In Tables 4 to 7, * 1: the addition amount of the dispersant for cement is shown in terms of solid content based on 100 parts of cement * 2: high-condensate formalin naphthalene sulfonate * 3: not cured I could not measure because

[0041]

The above-described dispersant for cement of the present invention has the effect of imparting high fluidity to the cement mixture while suppressing slump loss, and at the same time imparting high early strength.
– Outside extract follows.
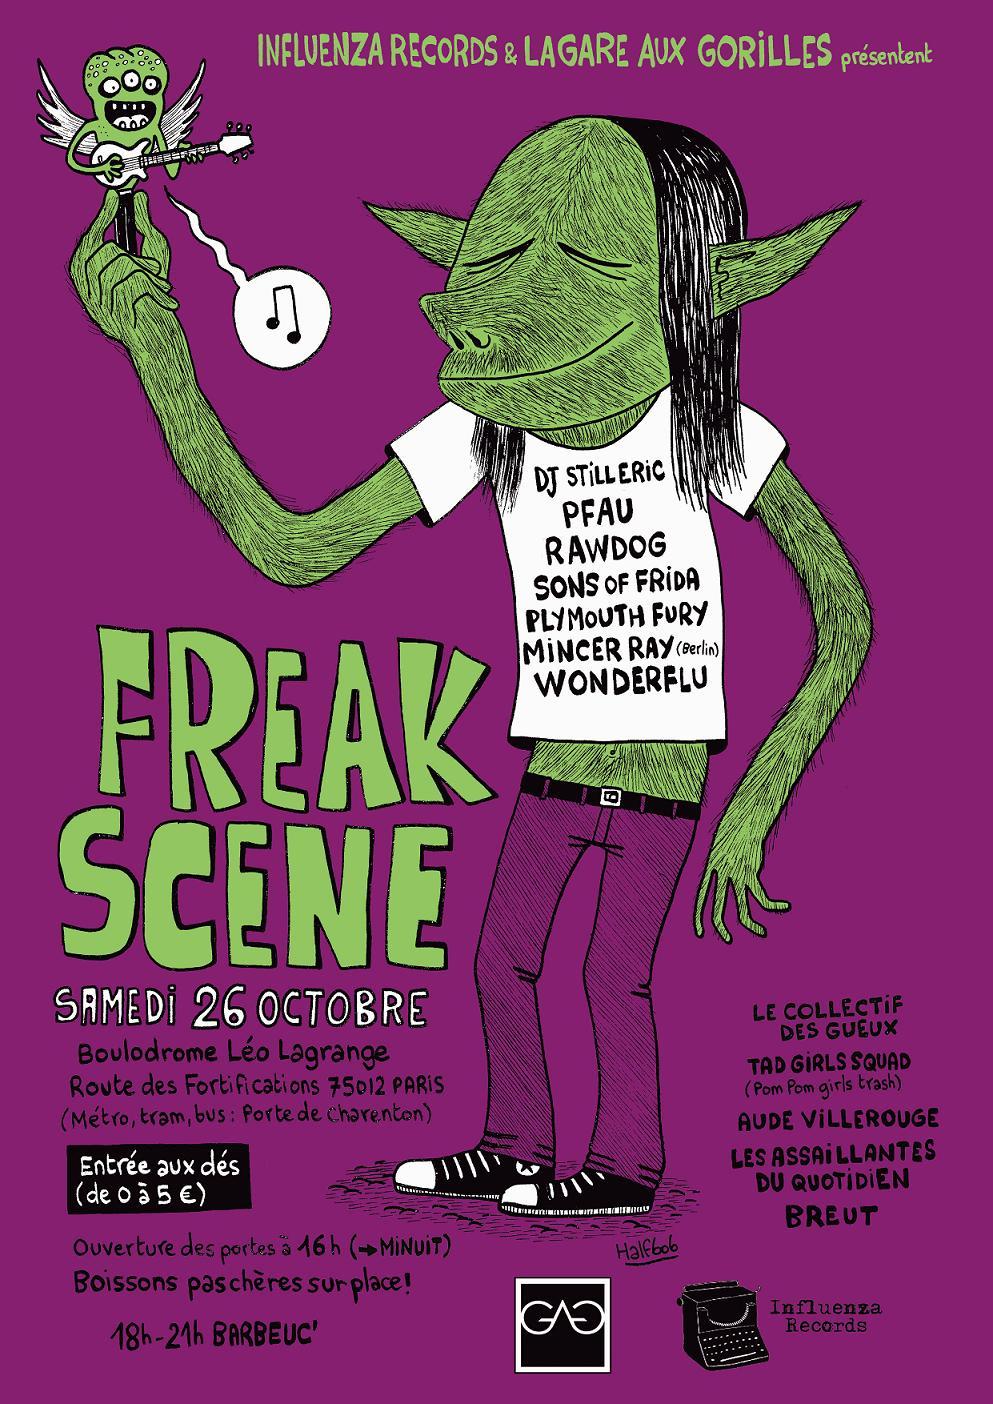 http://www.influenza-records.com/wp-content/uploads/2013/09/Affiche-Freak-Scene-couleur.jpg

Continuation of front page (56) Reference JP-A-9-71447 (JP, A) JP-A-9-286645 (JP, A) JP-A-7-247150 (JP, A) JP-A-9-286646 (JP , A) JP-A-9-40446 (JP, A) JP-A-8-12396 (JP, A) (58) Fields investigated (Int.Cl. ⁷ , DB name) C04B 24/26

Claims (2)

(57) [Claims] 1. A structural unit A represented by the following formula 1 in an amount of 55 to 72 mol%, a structural unit B represented by the following formula 2 in an amount of 3 to 18 mol%, and 3 to 15 mol% of the structural unit C shown, 3 to 12 mol% of the structural unit D of the following formula 4, and 1 to 12 mol% of the structural unit E of the following formula 5 (total 100 mol% (2) A water-soluble vinyl copolymer having a number average molecular weight of 5,000 to 45,000 in a ratio of 1). [Formula 1] [Formula 2] [Formula 3] [Formula 4] [Formula 5] (In the formulas 1 to 5, R ¹ , R ² , R ³ : H or CH ₃ R ⁴ : an alkyl group having 1 to 3 carbon atoms X: a group M ^{1 represented} by the following formula 6 or formula 7, hydrogen: Alkali metal, alkaline earth metal, ammonium or organic amine n: integer of 40 to 109 m: integer of 5 to 25) [Formula 6] [Formula 7] (In Formula 6 and Formula 7, M ² , M ³ : alkali metal, alkaline earth metal, ammonium or organic amine) 2. A cement dispersant according to claim 1 SL placing water / cement ratio is applied to 20-40% of the concrete.